The crow (ho) is the sacred bird of the Ghost dance, being revered as the messenger from the spirit world because its color is symbolic of death and the shadow land.

The raven, which is practically a larger crow, and which lives in the mountains, but occasionally comes down into the plains, is also held sacred and regarded as a briuger of omens by the prairie tribes, as well as by the Tlinkit and others of the northwest coast and by the Cherokee in the east.

The crow is depicted on the shirts, leggings, and moccasins of the Ghost dancers, and its feathers are worn on their heads, and whenever it is possible to kill one, the skin is stuffed as in life and carried in the dance.
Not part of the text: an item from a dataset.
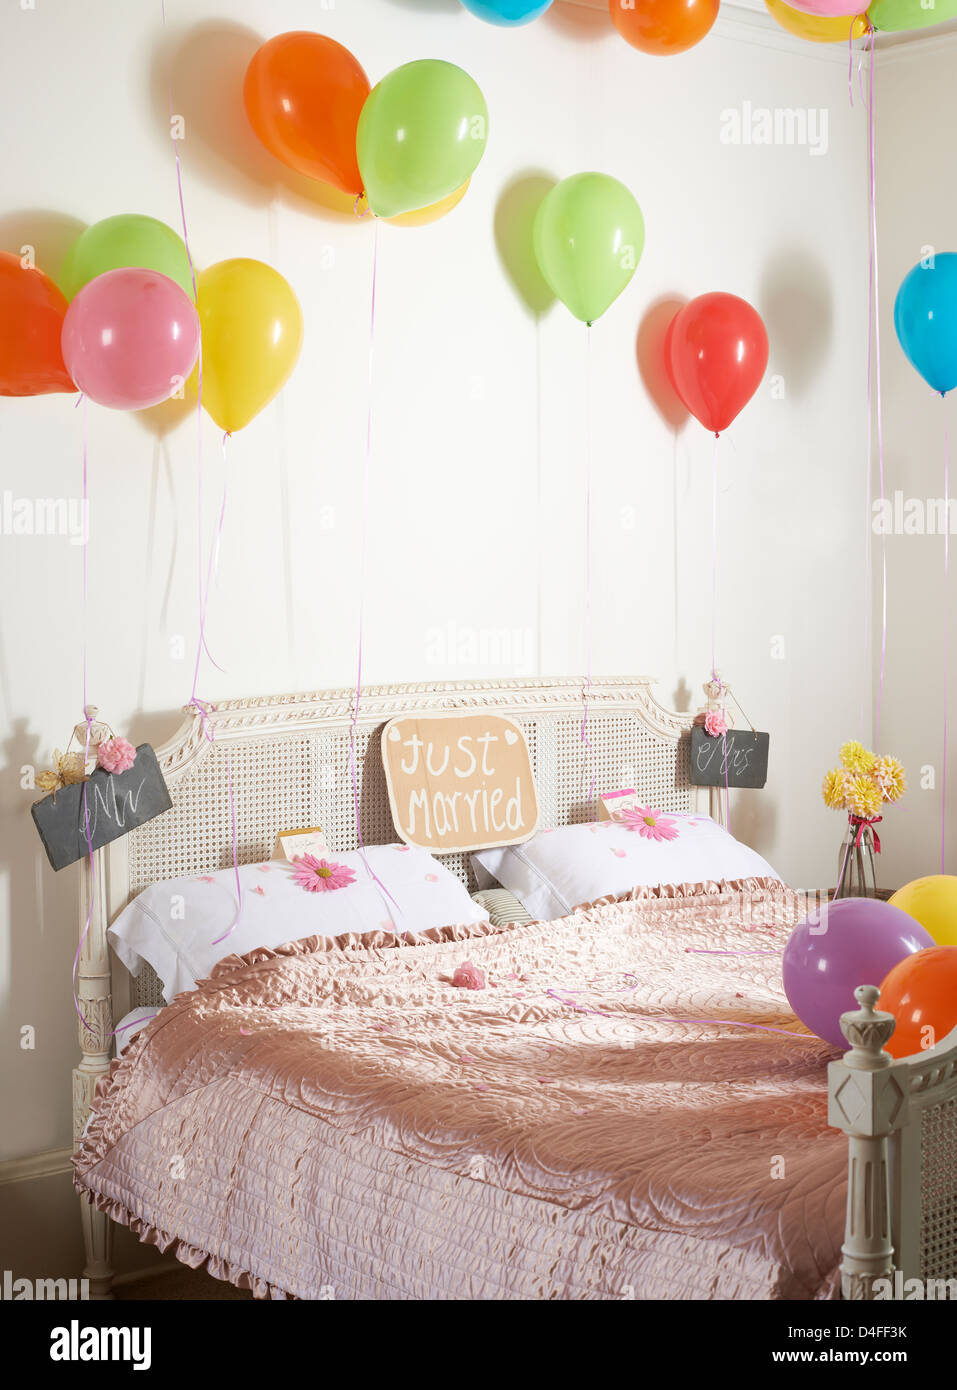 Palloncini colorati su letto matrimoniale Foto Stock

At one time the dancers in Left Hand’s camp had a crow which it was claimed had the power of speech and prophetic utterance, and its hoarse inarticulate cries were interpreted as inspired messages from the spirit world. Unfortunately the bird did not thrive in confinement, and soon took its departure for the land of spirits, leaving the Arapaho once more dependent on the guidance of the trance revelations.
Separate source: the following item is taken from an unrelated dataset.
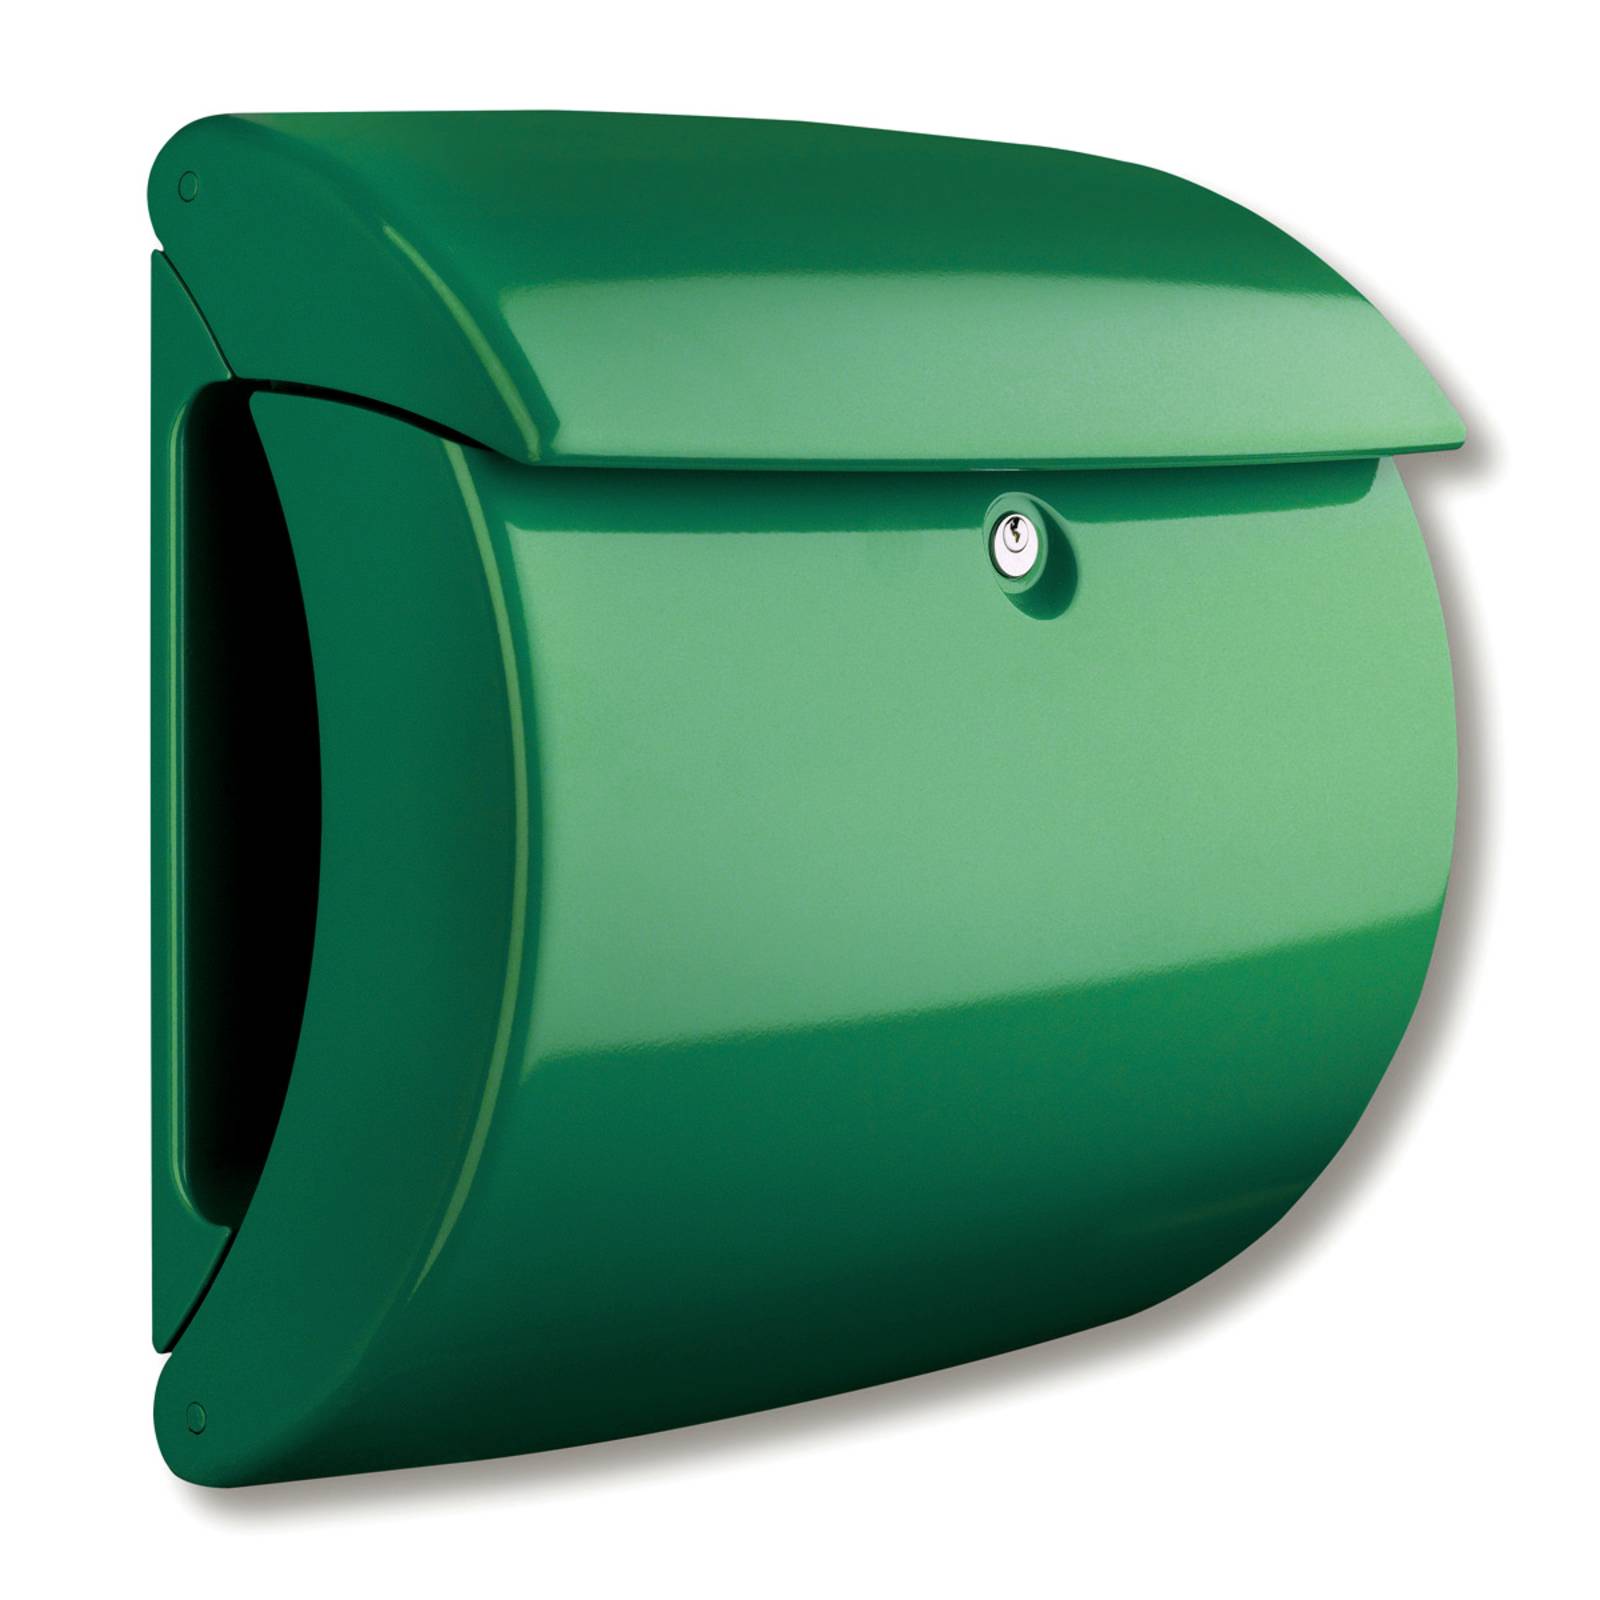 Burgwächter Briefkasten Kiel aus Kunststoff, grün

The eagle, the magpie, and the sagehen were also sacred in the Ghost dance, the first being held in veneration by Indians, as well as by other peoples throughout the world, while the magpie and the sage-hen were revered for their connection with the country of the messiah and the mythology of his tribe.
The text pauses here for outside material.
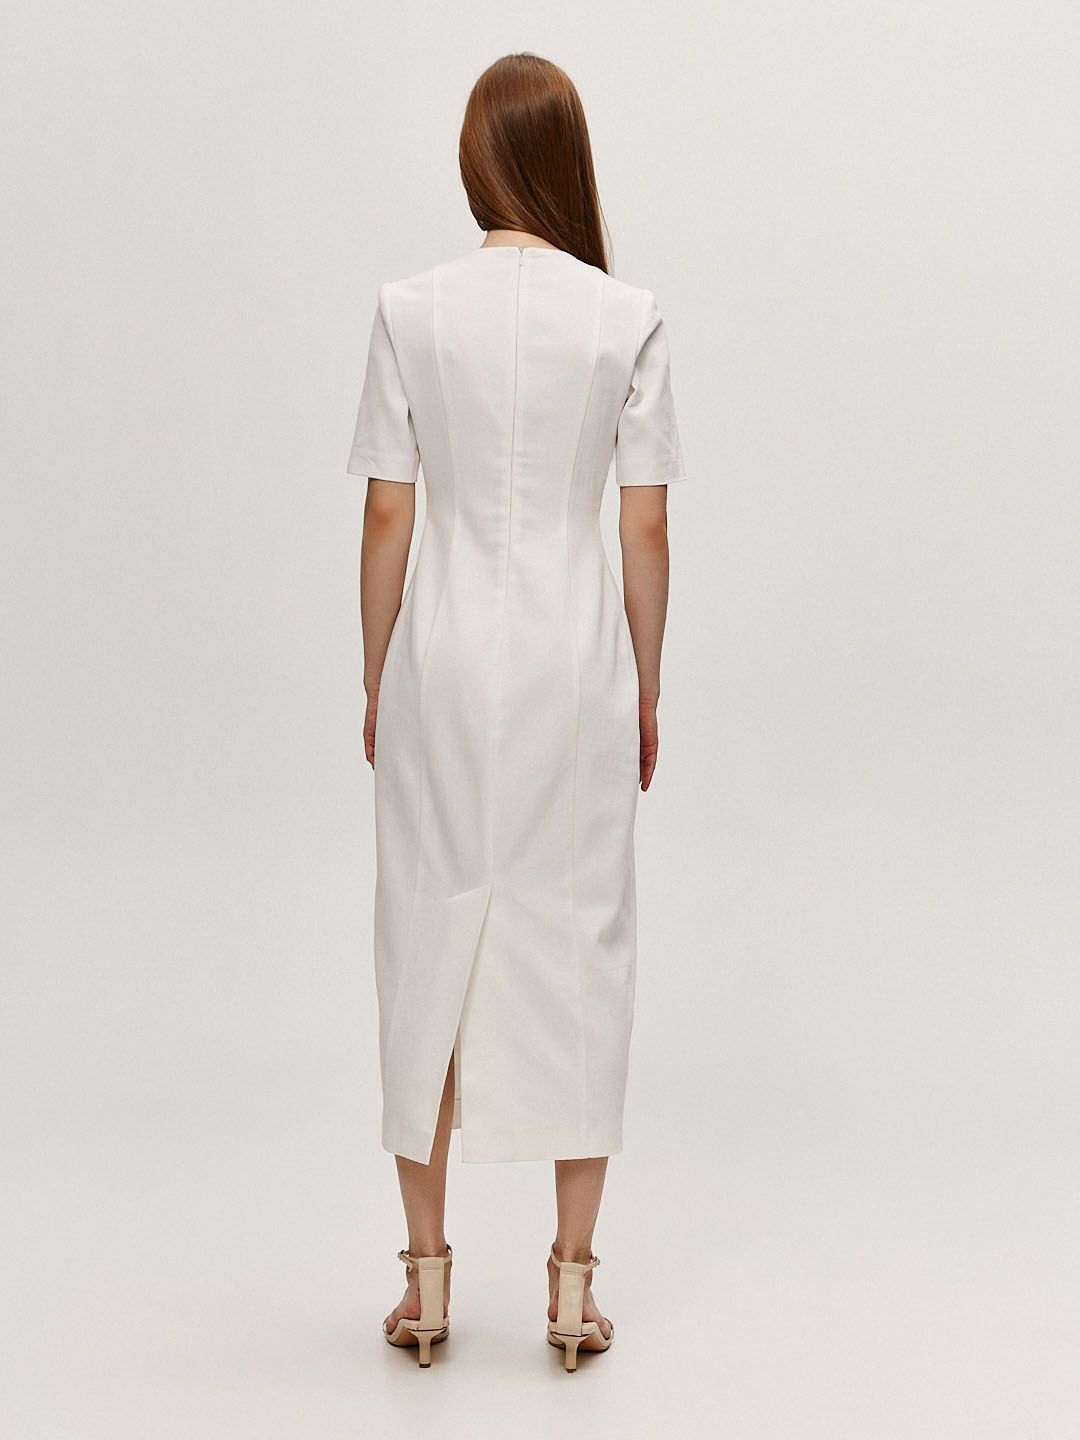 Платье футляр с коротким рукавом белое, купить платье футляр с коротким рукавом белое

The crow was probably held sacred by all the tribes of the Algonquian race, Roger Williams, speaking of the New England tribes, says that although the crows sometimes did damage to the corn, yet hardly one Indian in a hundred would kill one, because it was their tradition that this bird had brought them their first grain and vegetables, carrying a grain of corn in one ear and a bean in the other, from the field of their great god Cautantouwit in Sowwani’u, the southwest, the happy spirit world where dwelt the gods and the souls of the great and good. The souls of the wicked were not permitted to enter this elysium after death, but were doomed to wander without rest or home.

(Williams, Key into the Language of America, 1643.)

A-hu’hu ha’geni’sti’ti ba’hu,
Ha’geni’sti’ti ba’hu.
Hii’nisti’ti,
Hii’nisti’ti.
Hi’nisa’na,
Hi’nisa’na—
Ne’a-i’qaha’ti,
Ne’a-i’qaha’ti.

Translation:
The crow is making a road,
He is making a road;
He has finished it,
He hag finished it.
His children,
His children —
Then he collected them,
Then he collected them (i. e., on the farther side).